Asia is battling not one but three demons. The unholy trinity of debt, deflation and demographics threatens to sap the region’s growth potential. Fending off the challenge requires central banks to cut borrowing costs. But they are reluctant to do so when U.S. interest rates are poised to rise. That could turn out to be a huge error.
Consider the debt overhang. Taken together, the private sector in Asia-Pacific now owes 1.5 times the region’s combined annual output, according to the Bank for International Settlements. As a big chunk of the borrowing is in the opaque shadow banking system, particularly in China, the debt could be even larger. Either way, servicing the loans requires incomes to increase quickly. Yet, real GDP growth is slowing almost everywhere in the region.
The threat of slowly rising consumer prices slipping into outright deflation is making things worse. Producer prices are sliding across Asia-Pacific. Falling energy costs provide a convenient excuse for margin-starved employers to skimp on pay hikes, just as they did in the late 1980s. That makes the situation harder for borrowers in Malaysia, Korea, Thailand and Singapore, all of which have high household leverage. Persistent lowflation will leave borrowers with higher debt burdens than they expected.
Demographics aren’t helping. Japan, China, South Korea, Singapore and Thailand are ageing rapidly. Relatively young countries like Indonesia, Vietnam and the Philippines drag down the average age. Even so, the region will have more middle-aged people than youngsters by 2020.
This will present Asian nations with the same problem that has plagued advanced nations: a savings glut. As those looking to invest for retirement outnumber those borrowing to buy new homes and start new businesses, market interest rates could fall.
Central banks have a dilemma. If they cut rates, and keep them low, they have a chance at reviving investment, output, prices and the debt-servicing capacity of households and companies. But while encouraging younger borrowers, negative real rates could also stoke asset bubbles, particularly in residential property.
In China, that’s part of a broader problem of resource misallocation. By lowering interest rates, Beijing might end up channeling more investment into industries like steel and housing, already plagued by overcapacity.
Exchange rates are another headache. The Swiss National Bank’s stunning decision to scrap a three-year-old cap on the franc shows that 2015 could be a nervous year for currency markets. Given China’s high levels of private foreign-currency debt, policymakers will be loath to allow monetary easing to become a one-way bet for a weaker yuan.

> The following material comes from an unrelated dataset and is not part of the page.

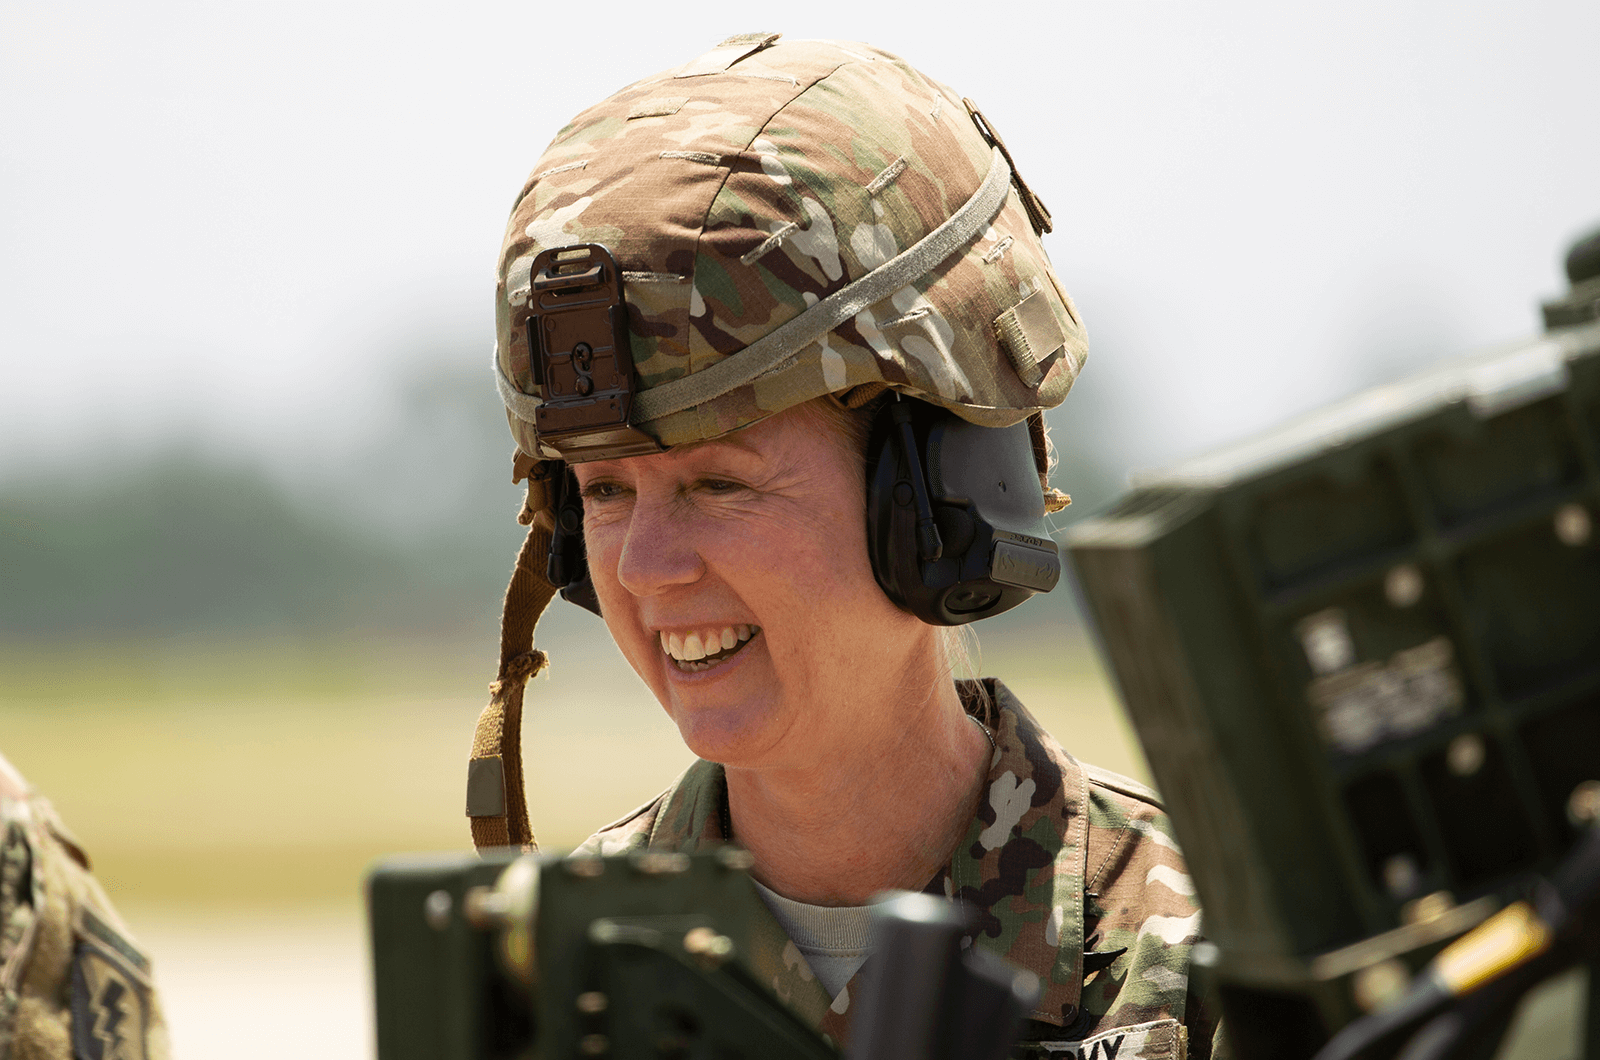 U.S. Army Maj. Gen. Laura Yeager takes command of the California Army National Guard's 40th Infantry Division during a ceremony on June 29, 2019, at Joint Forces Training Base in Los Alamitos, California. Yeager is the first woman to command a U.S. Army infantry division.    *Photos by the California National Guard

But as long as monetary authorities in the region use macroprudential controls to restrict credit, cutting interest rates is more sensible than doing nothing. Such action needs to be accompanied by the promise of reforms which will make foreign investors reluctant to dump Asian assets even if U.S. rates do rise. Indian Prime Minister Narendra Modi is good at issuing such promises. Indonesian President Joko Widodo is a fast learner.

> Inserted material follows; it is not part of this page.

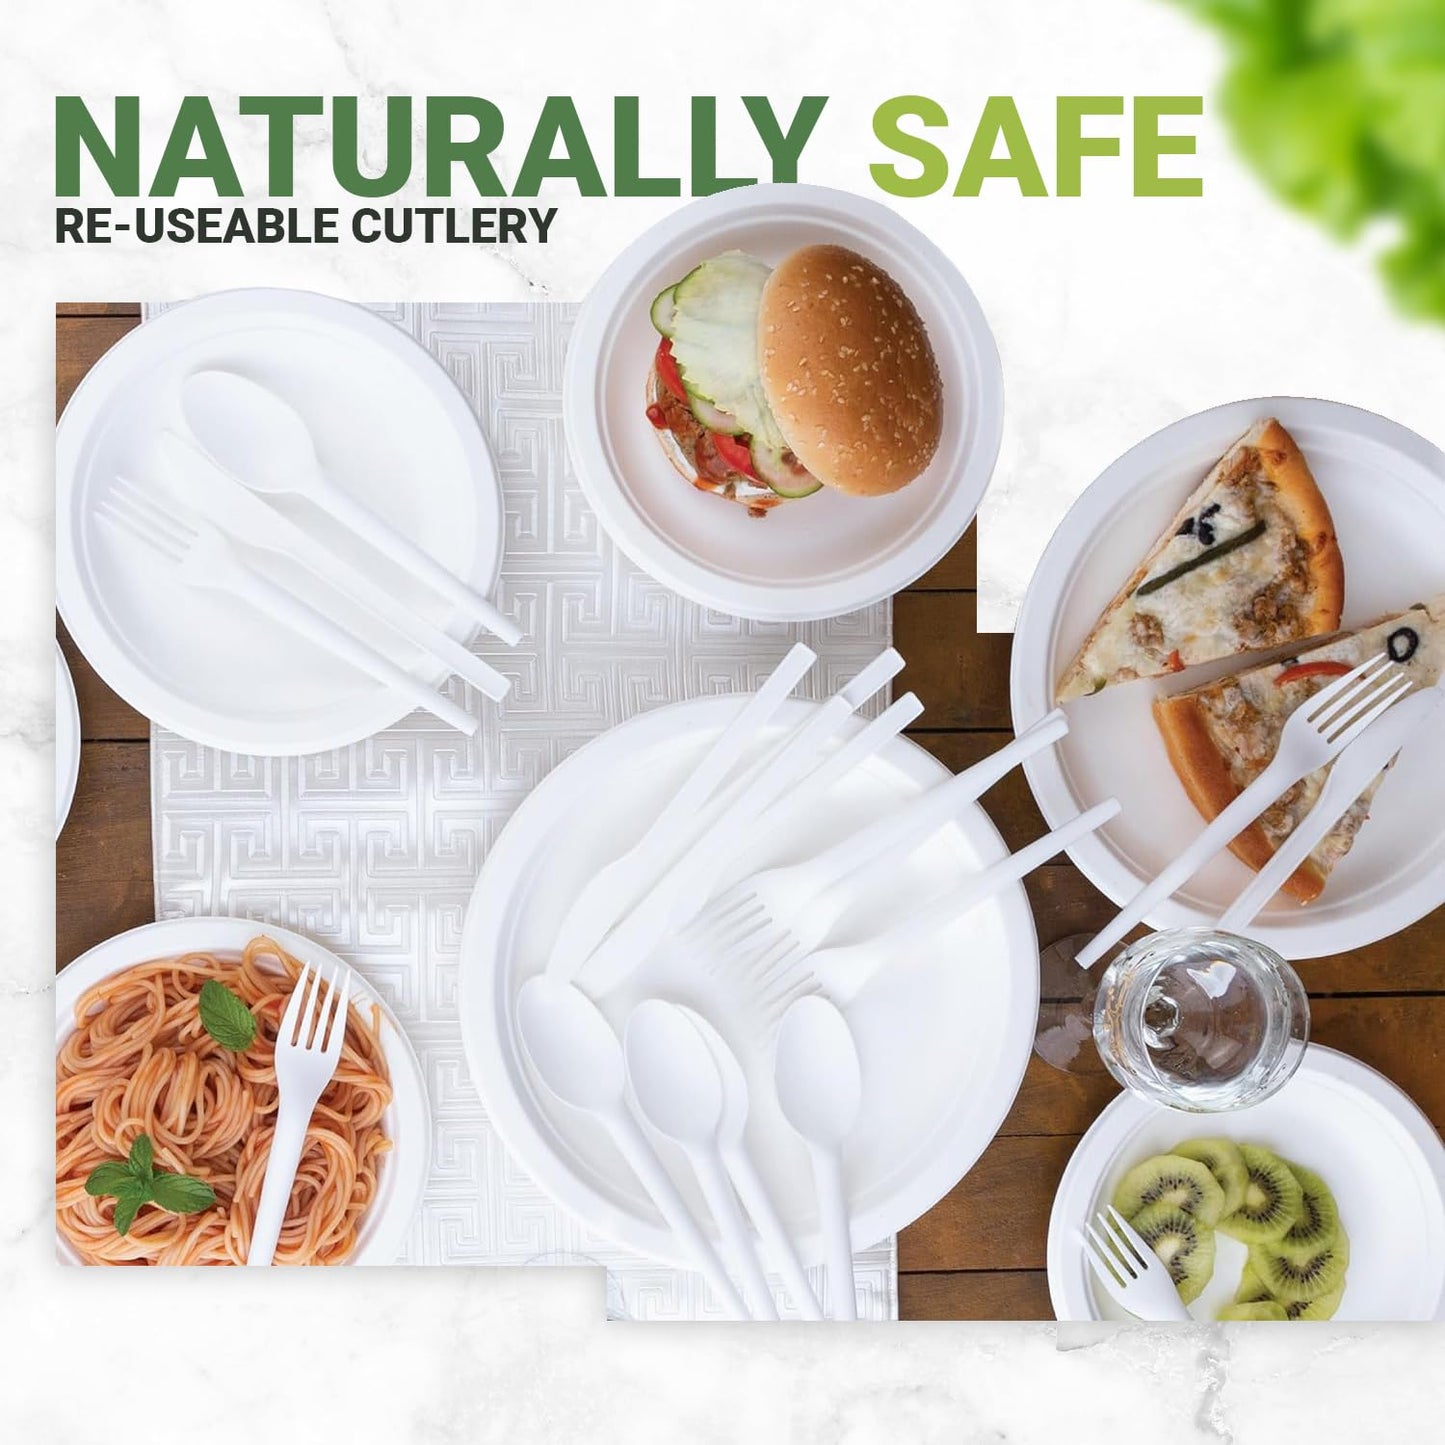 250 Pieces Compostable Utensil Set, 50 Large, 50 Small Biodegradable Paper Plates with 60 Forks, 60 Spoons, 60 Knives, Plastic Alternative Cutlery

Fiscal policy won’t be much of a substitute for monetary action. India will remain under pressure to curb expenditure; Malaysia and Australia will have to cope with lower tax revenue from energy, minerals and other commodities. In Thailand, the central bank is hoping for a lift in public spending to revive growth; but the military-backed government is finding it hard to spend the 2015 budget.
Thailand will need monetary stimulus this year. So will several other countries in the region. India’s unscheduled quarter percentage point rate cut on Jan. 15 is just the first of several investors are anticipating. China’s surprise interest-rate cut in November won’t be the last.
The Bank of Korea, though, appears to be in denial about the danger of letting the demons of debt, deflation and demographics take control of the economy. Once the unholy trinity is in the driver’s seat, there will be no time to look either in the rearview mirror or to the road ahead.